Why are my benchmark results so different from the MTEB leaderboard?

I put together my own retrieval benchmark to test various embedding models: LetsChurch/bible-embeddings · Datasets at Hugging Face

The basic idea is I want to retrieve Bible verses for a given query. I have a list of 532 queries, each with one or more expected verses. If a model returns an expected verse first in rank, then it gets 3 points, second in rank 2 points, third in rank 1 point, otherwise no points (so it is possible for a model to get up to 1596 points).

OpenAI’s text-embedding-3-large and text-embedding-3-small top my benchmark, followed by Gemini text-embedding-004, followed by OpenAI’s last-gen ada embedding model, followed finally by GTE Large, and then other models.

The complete ranking, as of today:

  1. text-embedding-3-large Accuracy: 89.3% (1348/1596 points across 532 queries)
  2. text-embedding-3-small Accuracy: 81% (1228/1596 points across 532 queries)
  3. text-embedding-004 Accuracy: 80.3% (1214/1596 points across 532 queries)
  4. text-embedding-ada-002 Accuracy: 78.3% (1186/1596 points across 532 queries)
  5. thenlper-gte-large Accuracy: 73.1% (1105/1596 points across 532 queries)
  6. thenlper-gte-base Accuracy: 72.5% (1096/1596 points across 532 queries)
  7. intfloat-e5-large-v2 Accuracy: 72.1% (1085/1596 points across 532 queries)
  8. Qwen-Qwen3-Embedding-8B Accuracy: 71.5% (1077/1596 points across 532 queries)
  9. nomic-ai-nomic-embed-text-v1.5 Accuracy: 70.0% (1058/1596 points across 532 queries)
  10. intfloat-e5-base-v2 Accuracy: 69.4% (1049/1596 points across 532 queries)
  11. thenlper-gte-small Accuracy: 69.2% (1047/1596 points across 532 queries)
  12. Salesforce-SFR-Embedding-Mistral Accuracy: 69.0% (1039/1596 points across 532 queries)
  13. ibm-granite-granite-embedding-125m-english Accuracy: 68.5% (1039/1596 points across 532 queries)
  14. voyage-3 Accuracy: 67.0% (1015/1596 points across 532 queries)
  15. ibm-granite-granite-embedding-30m-english Accuracy: 65.4% (996/1596 points across 532 queries)
  16. ibm-granite-granite-embedding-278m-multilingual Accuracy: 64.7% (979/1596 points across 532 queries)
  17. intfloat-e5-small-v2 Accuracy: 63.8% (966/1596 points across 532 queries)
  18. ibm-granite-granite-embedding-107m-multilingual Accuracy: 61.3% (929/1596 points across 532 queries)
  19. sentence-transformers-all-MiniLM-L6-v2 Accuracy: 59.6% (910/1596 points across 532 queries)
  20. Qwen-Qwen3-Embedding-4B Accuracy: 58.9% (885/1596 points across 532 queries)
  21. BAAI-bge-base-en Accuracy: 56.9% (861/1596 points across 532 queries)
  22. Qwen-Qwen3-Embedding-0.6B Accuracy: 56.8% (855/1596 points across 532 queries)
  23. BAAI-bge-large-en Accuracy: 47.4% (701/1596 points across 532 queries)
  24. google-embeddinggemma-300m Accuracy: 46.4% (708/1596 points across 532 queries)
  25. BAAI-bge-small-en Accuracy: 43.4% (652/1596 points across 532 queries)
  26. answerdotai-ModernBERT-base Accuracy: 7.7% (116/1596 points across 532 queries)
  27. answerdotai-ModernBERT-large Accuracy: 7.1% (110/1596 points across 532 queries)

Meanwhile, if we sort the current MTEB leaderboard for retrieval, Qwen 8B and 4B are in spots 1 and 2 (vs spots 8 and 20 for my benchmark), and my top two ranked models (OpenAI) appear in MTEB at spots 14 and 40, respectively.
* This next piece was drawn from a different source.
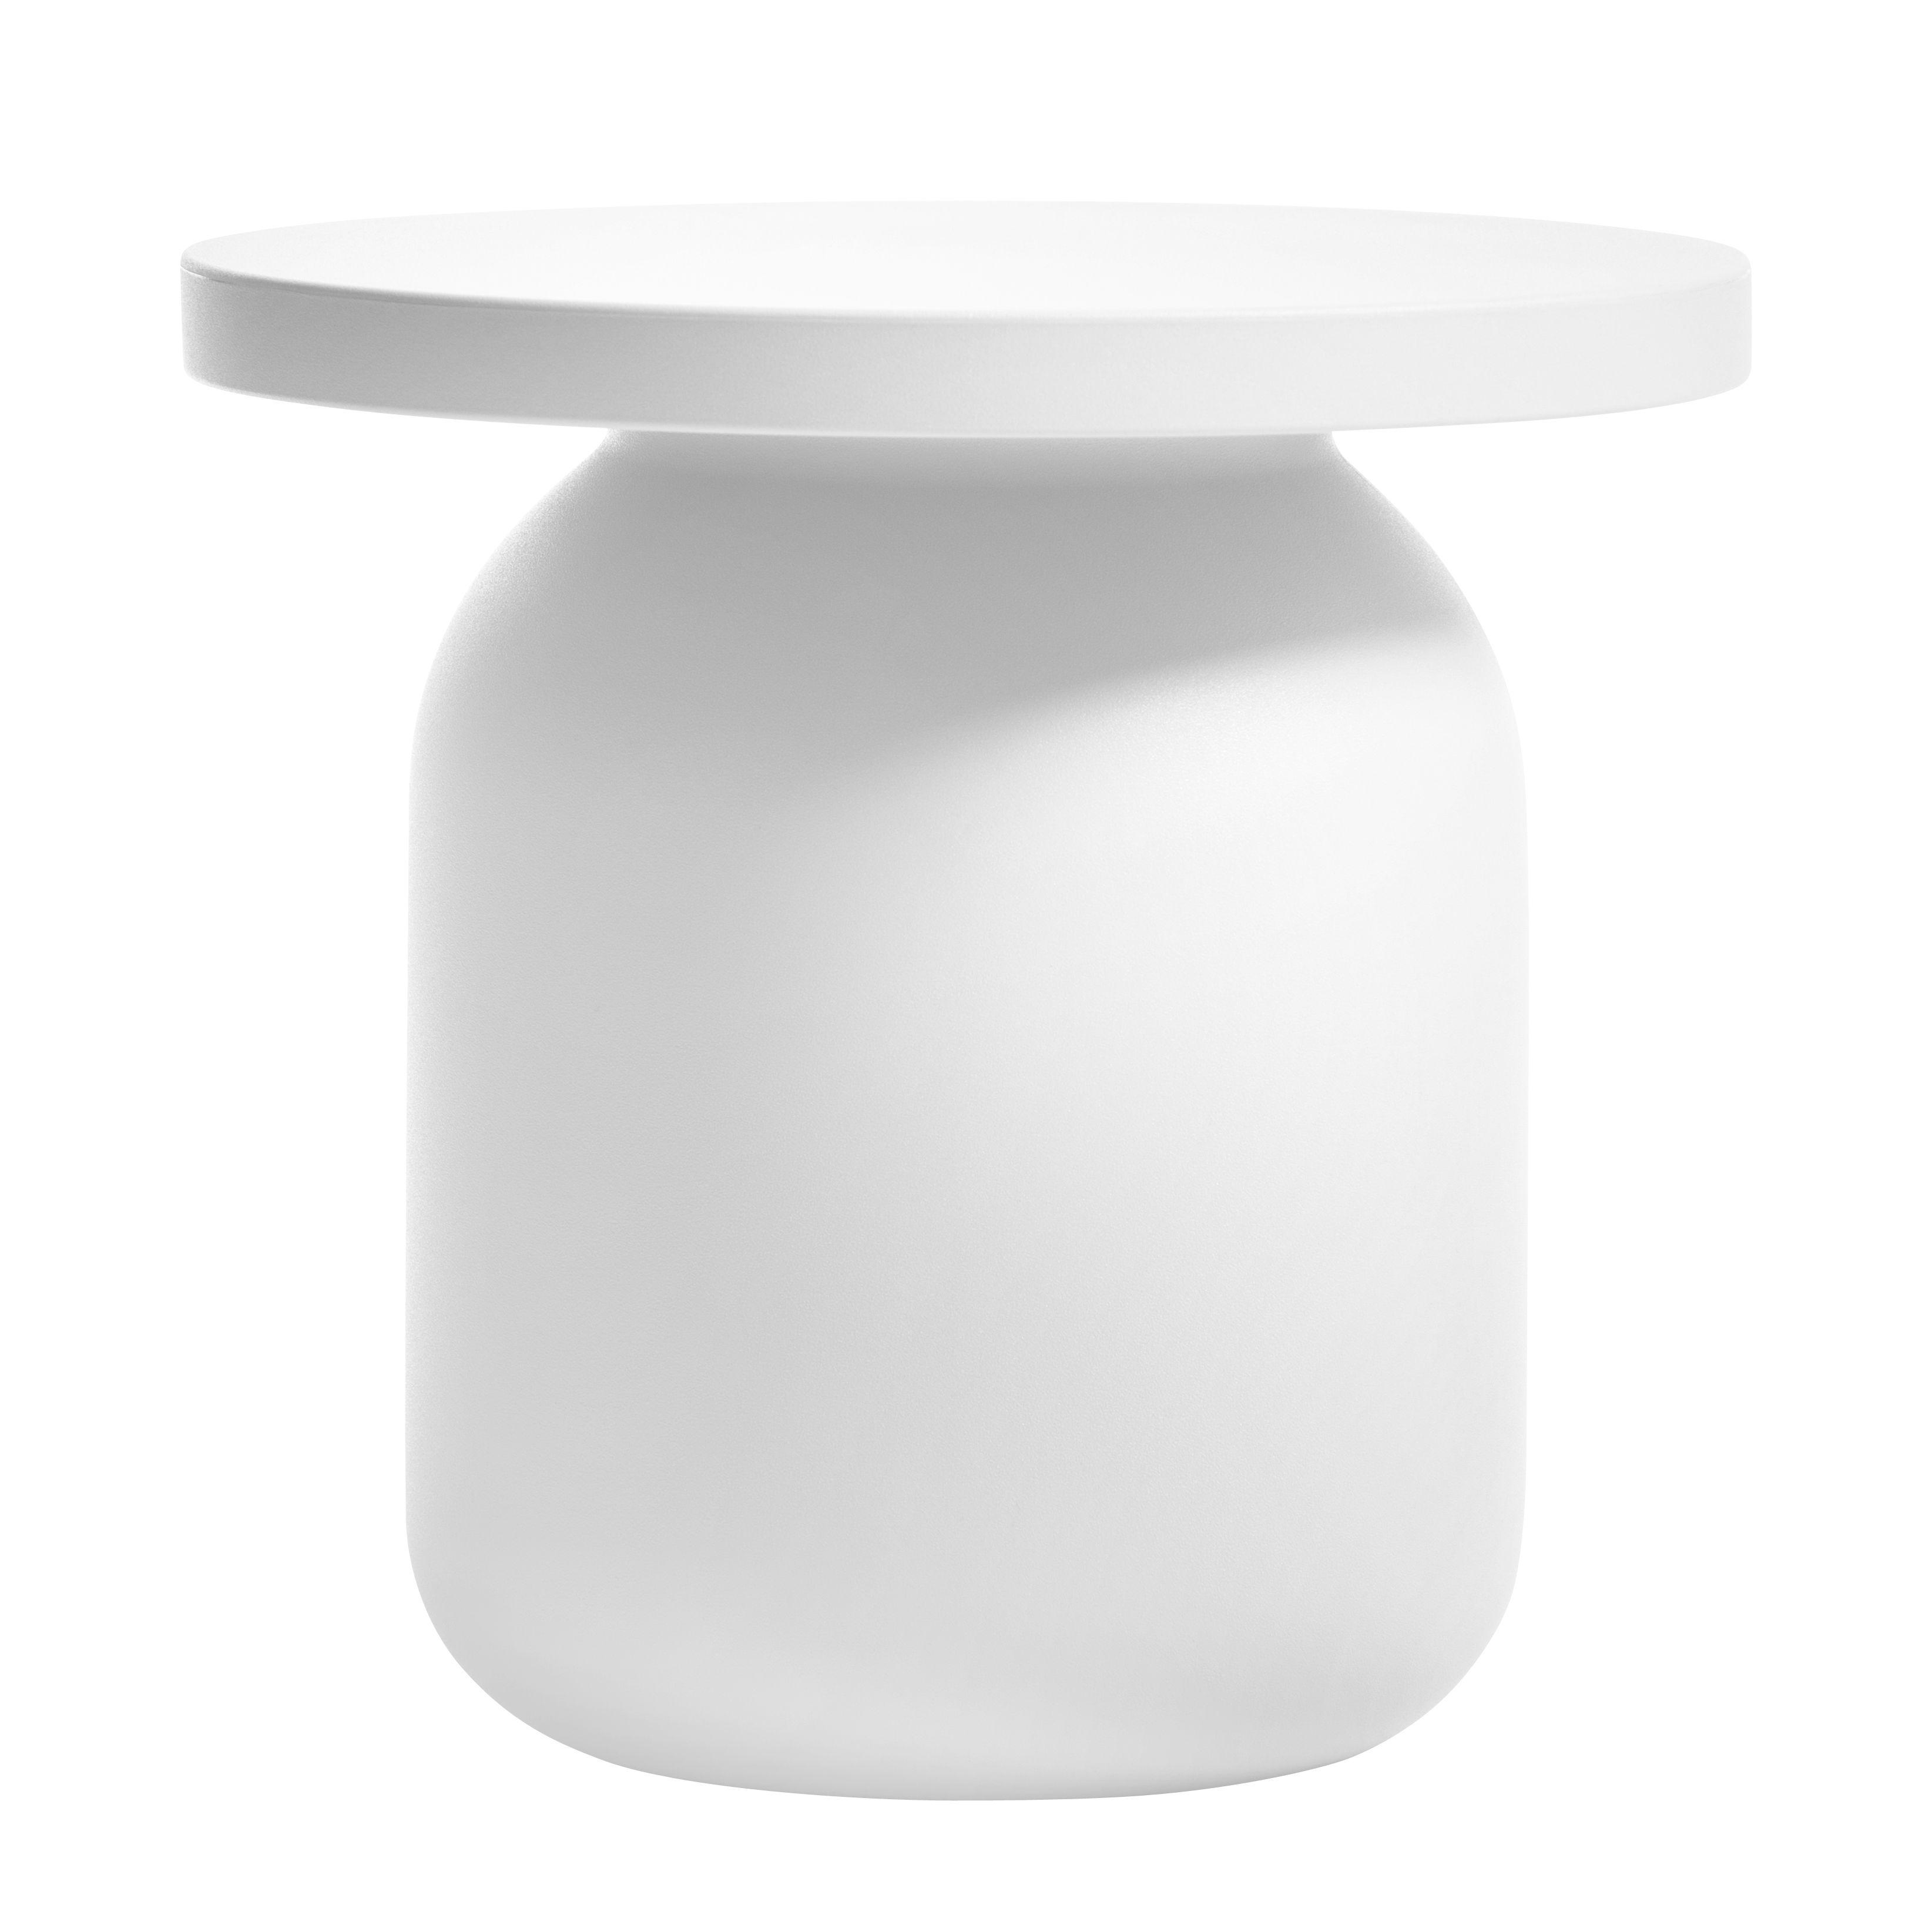 Furniture - Coffee Tables - Juju Luminous low stool - LED RGB - Wireless by Serralunga - White - Polythene

So what’s going on? I’m completely open to the answer that my methodology wrong. Or that my example queries aren’t reflective of what the benchmark is measuring for. Or anything else, really.

Even the slightest change in the dataset used for benchmarking or the options passed to the model will likely produce different results. However, the reason the results vary so significantly here might be that the MTEB benchmark incorporates several design choices to ensure consistency.

Wow, that’s a very comprehensive response. Thank you, @John6666! I definitely have some stuff to dig into now.

I just reran the Qwen3 queries, changing nothing other than setting prompt=”query”, and the 0.6B model went from 56.8% to 73.9%, 4B went from 58.9% to 72.4%, and 8B went from 71.5% to 82.8% (outperforming the small model from OpenAI).

This is without touching my ranking methodology (yet). This is phenomenal. Thank you again, @John6666!